Copper earnings ahead
RBC Capital Markets analyst Sam Crittenden provided guidance ahead of copper miner earnings reports,
“Our view: Copper prices have found support around $6.00/lb with resilient demand despite geopolitical volatility. For Q2, we expect the U.S./Iran conflict to be an unavoidable cost burden for producers, to $6.06/lb, and quarter-end prices were up 9 per cent providing positive provisional pricing adjustments. While positive on copper’s fundamentals, we believe key uncertainties have recently weighed on equity sentiment, namely geopolitical risk driving elevated fuel/acid costs, the overdue Section 232 tariff decision could lead to supply flowing back to the market if not implemented, and moderating AI sentiment also now has readthrough into the copper equities.

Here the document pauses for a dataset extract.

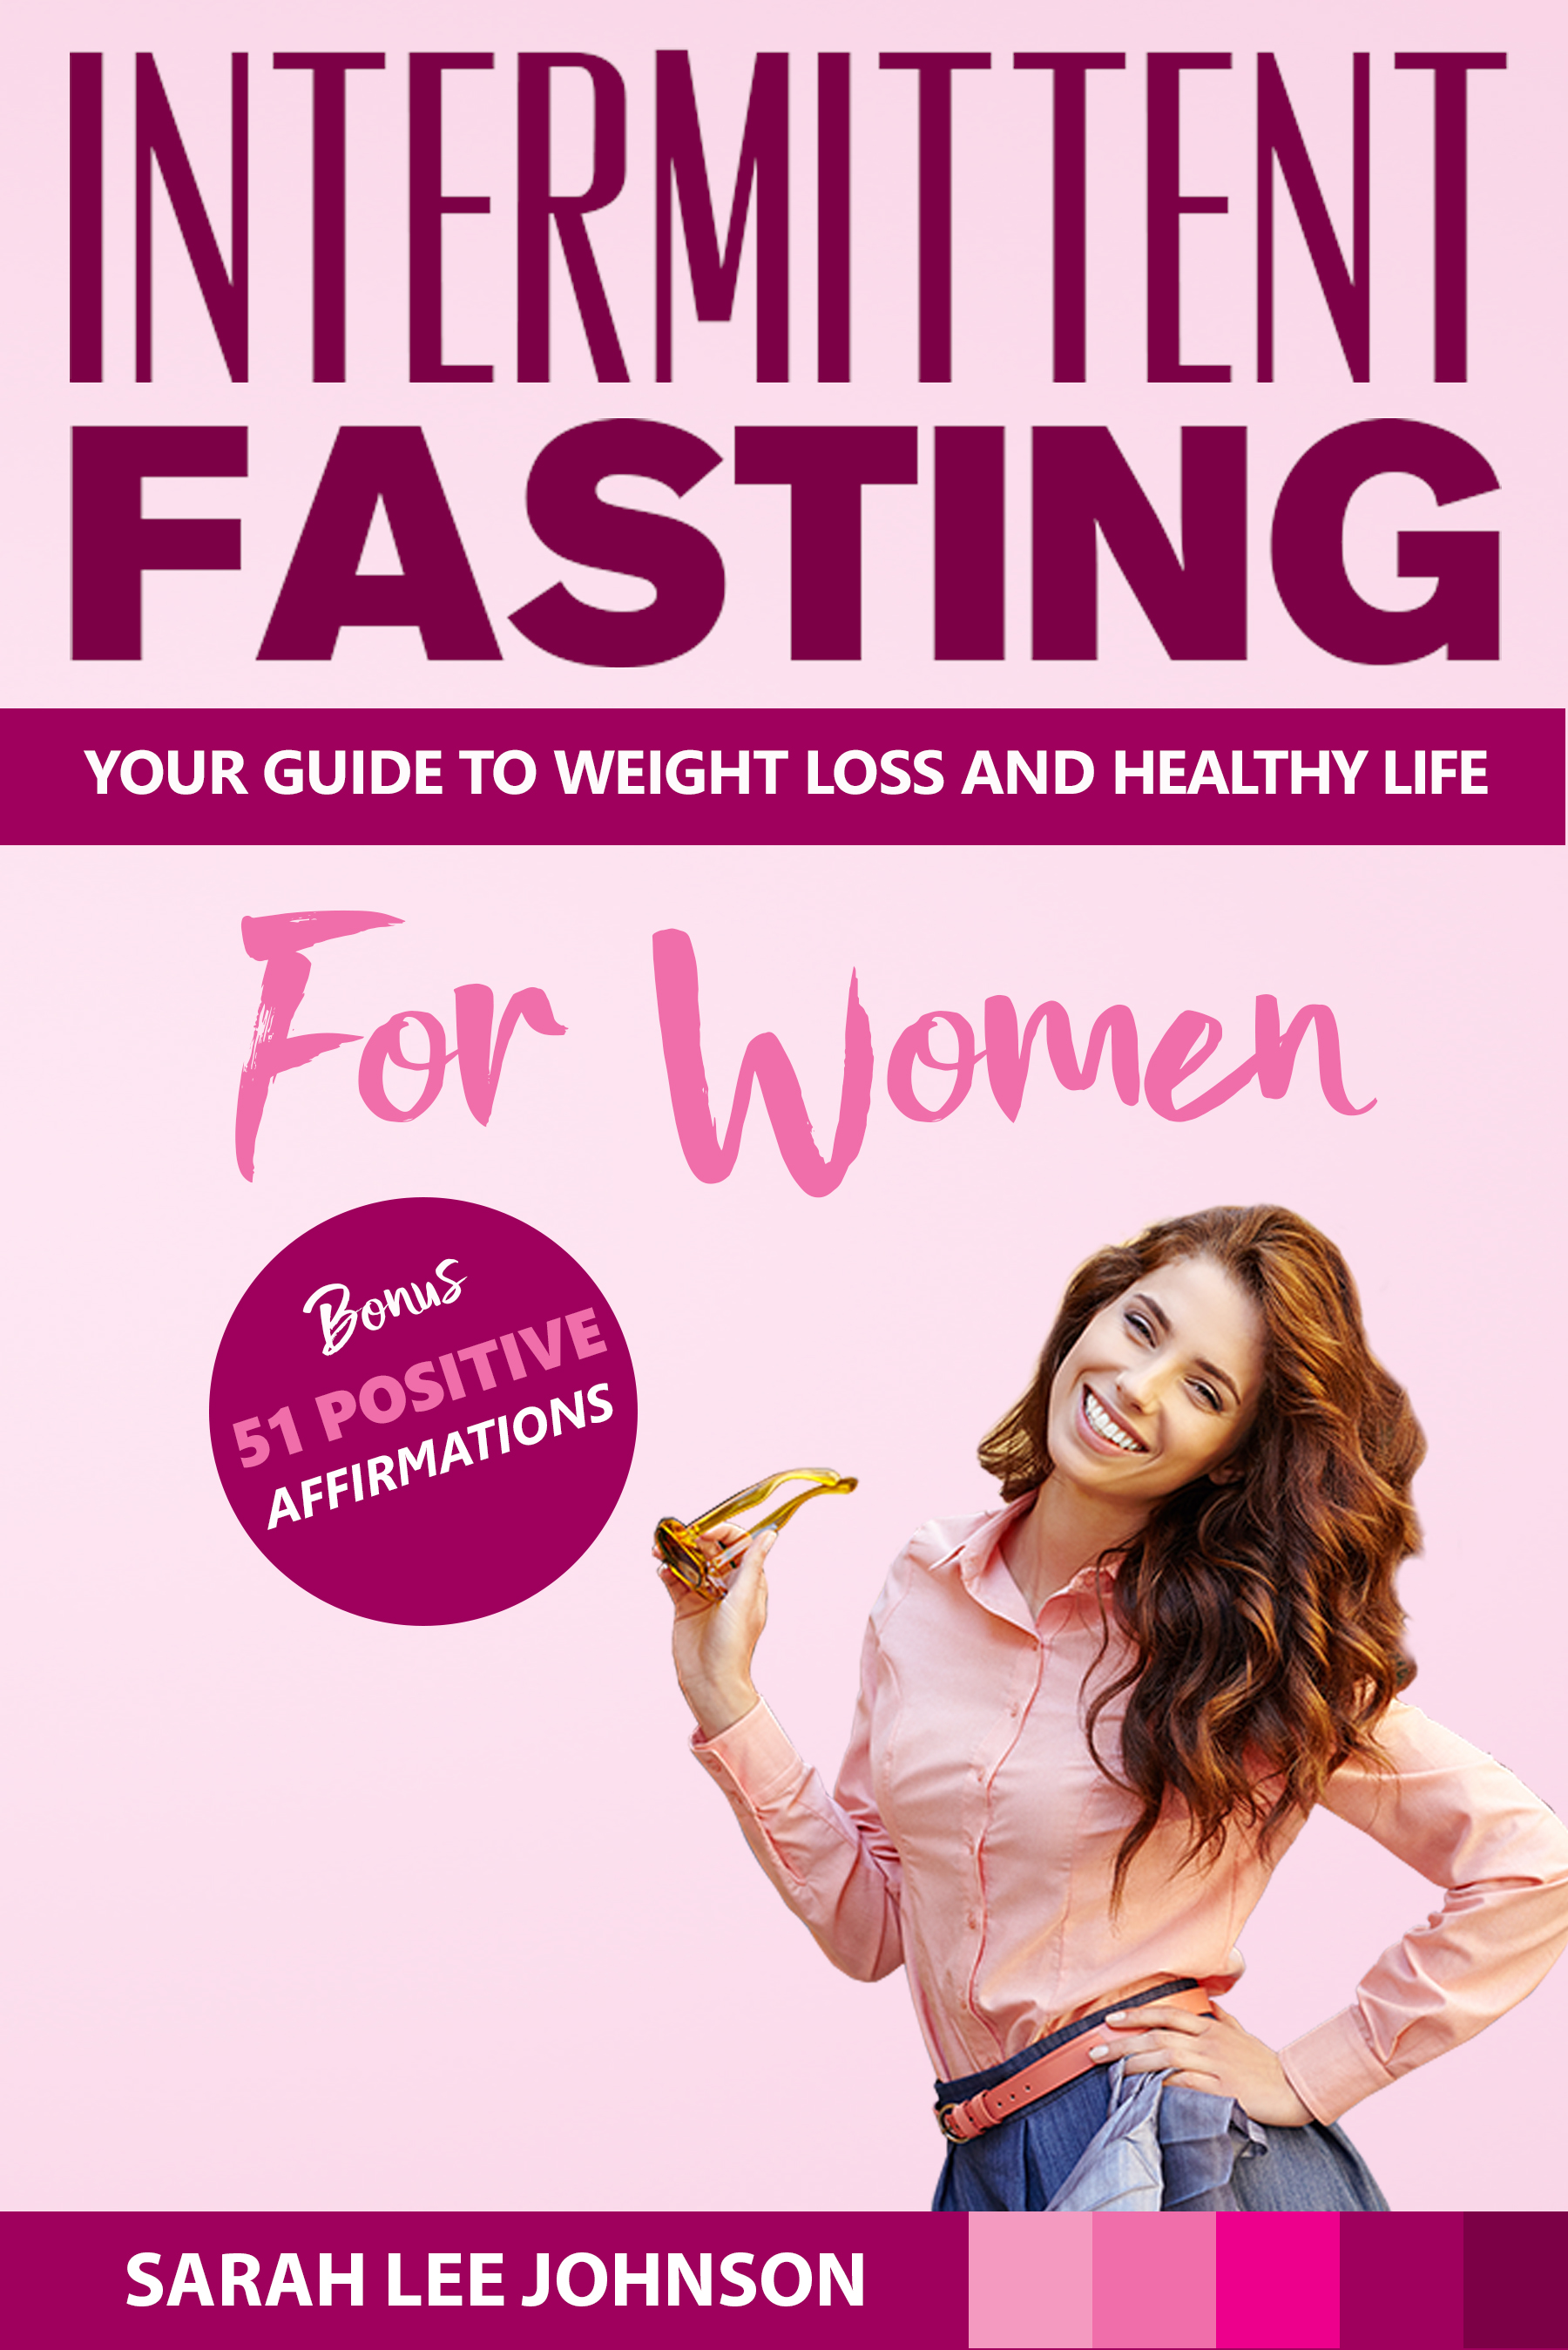 FREE: Intermittent Fasting by Sarah Lee Johnson

Copper equities under coverage were up 11 per cent in Q2, in-line with the commodity up 9 per cent, however we’ve historically seen ~2x leverage to the commodity price which has led to improving valuations and opportunity to add to select names. We’ve refined our estimates ahead of Q2 results. Valuations have improved: The copper equities trade at 6.4x NTM [next 12 months] EV/ EBITDA (vs 6.6x 3y avg), 0.9x NAV (vs 1.0x 3y avg) with an implied copper price of $4.98/lb, a 17-per-cent discount (vs 11-per-cent 3y avg). Our preferred names are Hudbay as they generate strong FCF and de-risk Copper World, Capstone’s operations can improve into 2027, while we see upside in First Quantum on a potential restart in Panama”
Corning
Corning interests me as a picks and shovels way to play the AI trend. BofA Securities analyst Wamsi Mohan published a report on the stock Monday and raised the target price,
“Much of the recent bullishness on Corning has centered around the strong outlook around the optical segment that benefits from the AI buildout themes of scale up, scale out and scale across. Additionally, Corning is making progress in the areas of advanced packaging of semiconductor chips including the use of glass substrates (2029-2030) and in the area of GlassBridge (a tech that can support easy alignment of high density fibers in the era of Co-packaged optics). While these do not move the needle in the near term, they all potentially support a higher SpringBoard plan,and upside to longer term valuation. Reiterate Buy on structurally higher revs in Optical. Raising ests; PO moves to $243 on 37x C28E EPS of $6.50 (prior $223 on 37x C28E EPS of $5.95) on stronger Optical demand over the m-t [medium term]”
Bluesky post of the day
GOLDMAN DESK: “.. the character of the market has changed noticeably. .. the past few weeks have featured a serious reversal in momentum, .. this is clearly illustrated by our flagship momentum pair, which .. is down 22% from the June highs (even after yesterday’s bounce).”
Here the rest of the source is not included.